Piyush Goyal: India-UK CETA Enters Force, 99% Exports Get Zero Duty
Synopsis
Key Takeaways
Union Commerce and Industry Minister Piyush Goyal on Wednesday, 15 July 2026 announced that the India-UK Comprehensive Economic and Trade Agreement (CETA) and the Agreement on Social Security have come into force, delivering zero-duty market access for nearly 99 per cent of India's exports and covering almost 100 per cent of bilateral trade value.
Context
Minister Goyal described the development as 'a defining milestone in India-UK ties,' crediting the agreement's conclusion to the leadership of Prime Minister Narendra Modi and the negotiating commitment of his UK counterpart, Peter Kyle. The minister thanked both teams 'for their commitment in bringing this transformational agreement to fruition.'
Formal negotiations for the CETA were launched in January 2022, making the nearly four-and-a-half-year negotiating arc one of the longer bilateral trade processes India has undertaken in recent years.
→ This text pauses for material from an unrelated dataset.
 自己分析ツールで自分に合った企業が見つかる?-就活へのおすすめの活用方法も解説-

The agreement now joins a growing portfolio of Indian FTAs that includes pacts with the UAE (signed February 2022) and Australia (signed December 2022).
Policy Backdrop
India accelerated its bilateral FTA strategy after stepping back from the Regional Comprehensive Economic Partnership (RCEP) in 2019, seeking to secure zero-duty access for labour-intensive export sectors through targeted country-level deals. The UK, navigating its post-Brexit trade agenda, identified India — the world's fifth-largest economy — as a priority partner, particularly in services and technology.
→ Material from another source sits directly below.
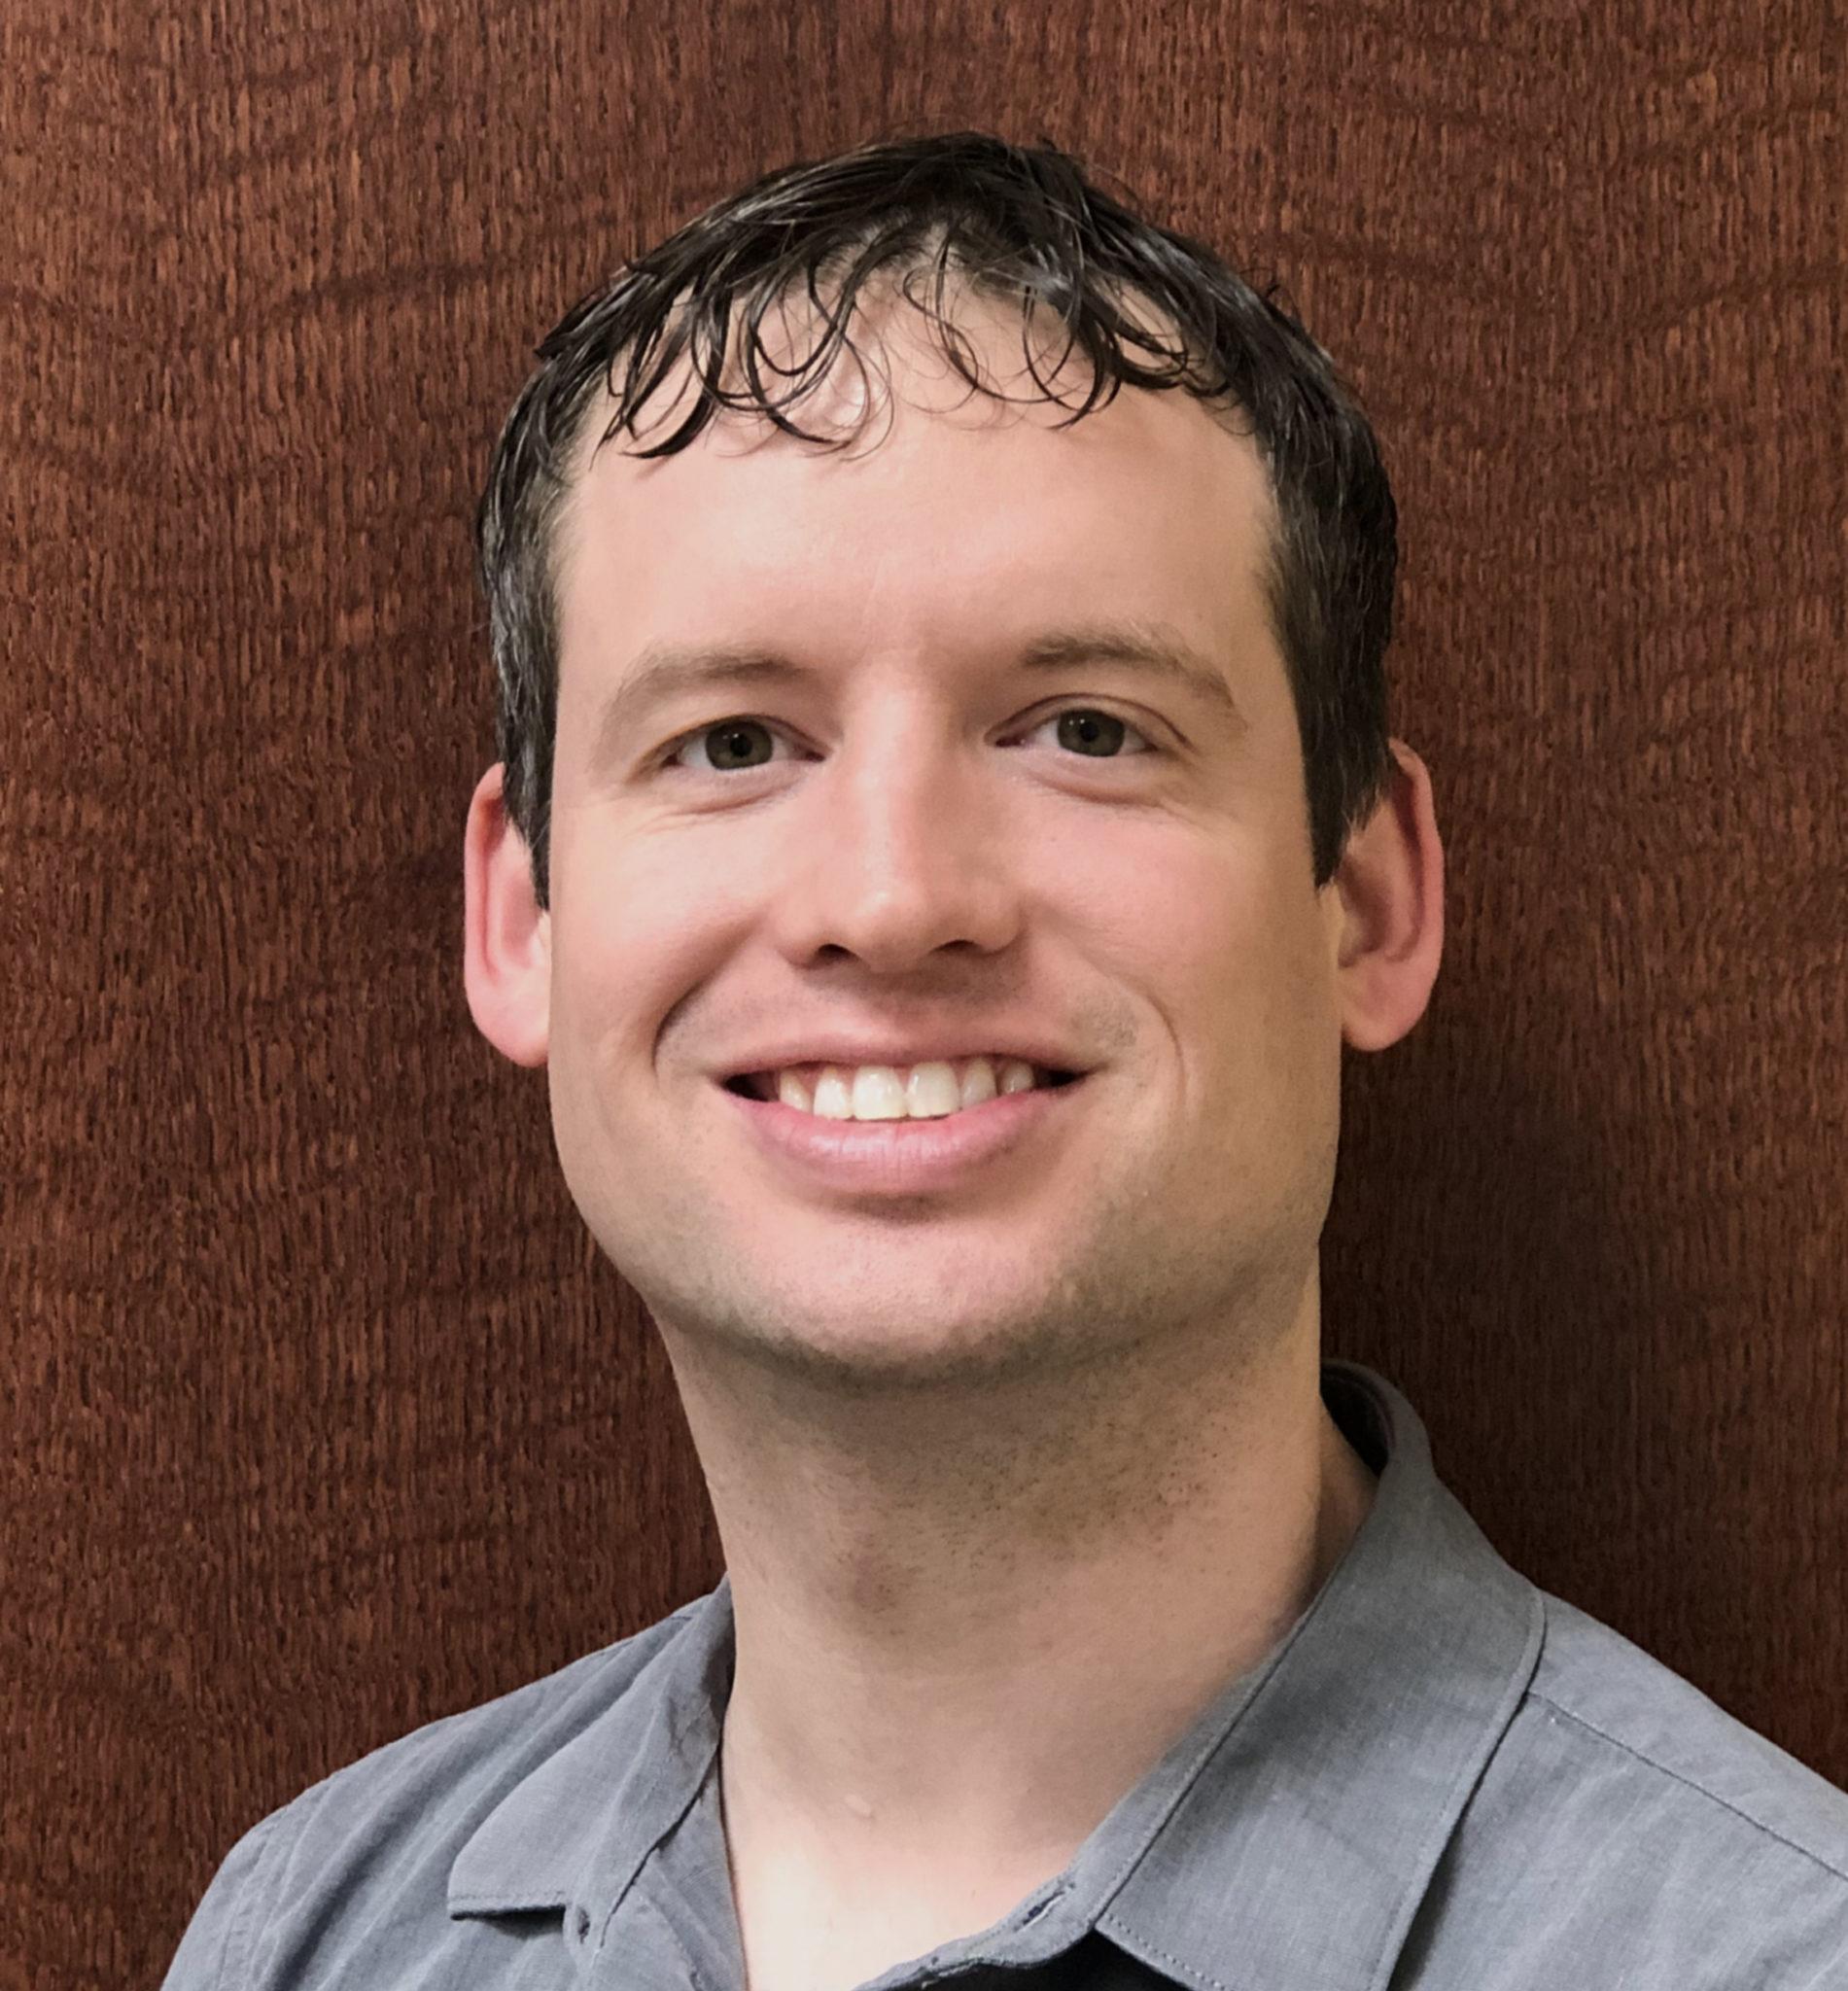 Andrew Ashelford, MBA, RDN

The CETA follows the structural template of earlier Indian agreements by bundling tariff elimination with mobility and social security provisions. The accompanying Agreement on Social Security exempts Indian professionals on temporary assignments in the UK from double social security contributions for up to 5 years, a provision Goyal said would enhance 'the global competitiveness of our workforce.'
Stakeholders and Impact
The agreement targets a broad cross-section of the Indian economy. On the goods side, sectors explicitly cited include textiles, leather, gems and jewellery, engineering goods, marine products, chemicals, and processed foods, alongside MSMEs, farmers, and manufacturers.
On the services side, the pact is expected to open new market access in IT, professional services, financial services, education, and business services, while expanding pathways for Indian talent mobility into the United Kingdom. MSME exporters, who have historically struggled with tariff barriers in developed markets, stand to benefit most immediately from the zero-duty provisions on the goods side.
What's Next
Attention will now shift to the publication of official notifications, rules of origin, and tariff schedules once the agreement is formally gazetted by both governments. Quarterly trade data from the Commerce Ministry on covered sectors will serve as the earliest measurable indicator of the agreement's on-the-ground impact.
If the zero-duty access translates into the export surge the government projects, the India-UK CETA could strengthen the political and economic case for accelerating stalled FTA negotiations with other major partners. For Indian professionals and service exporters, the social security exemption represents a concrete, near-term gain that complements the broader market-access architecture of the deal.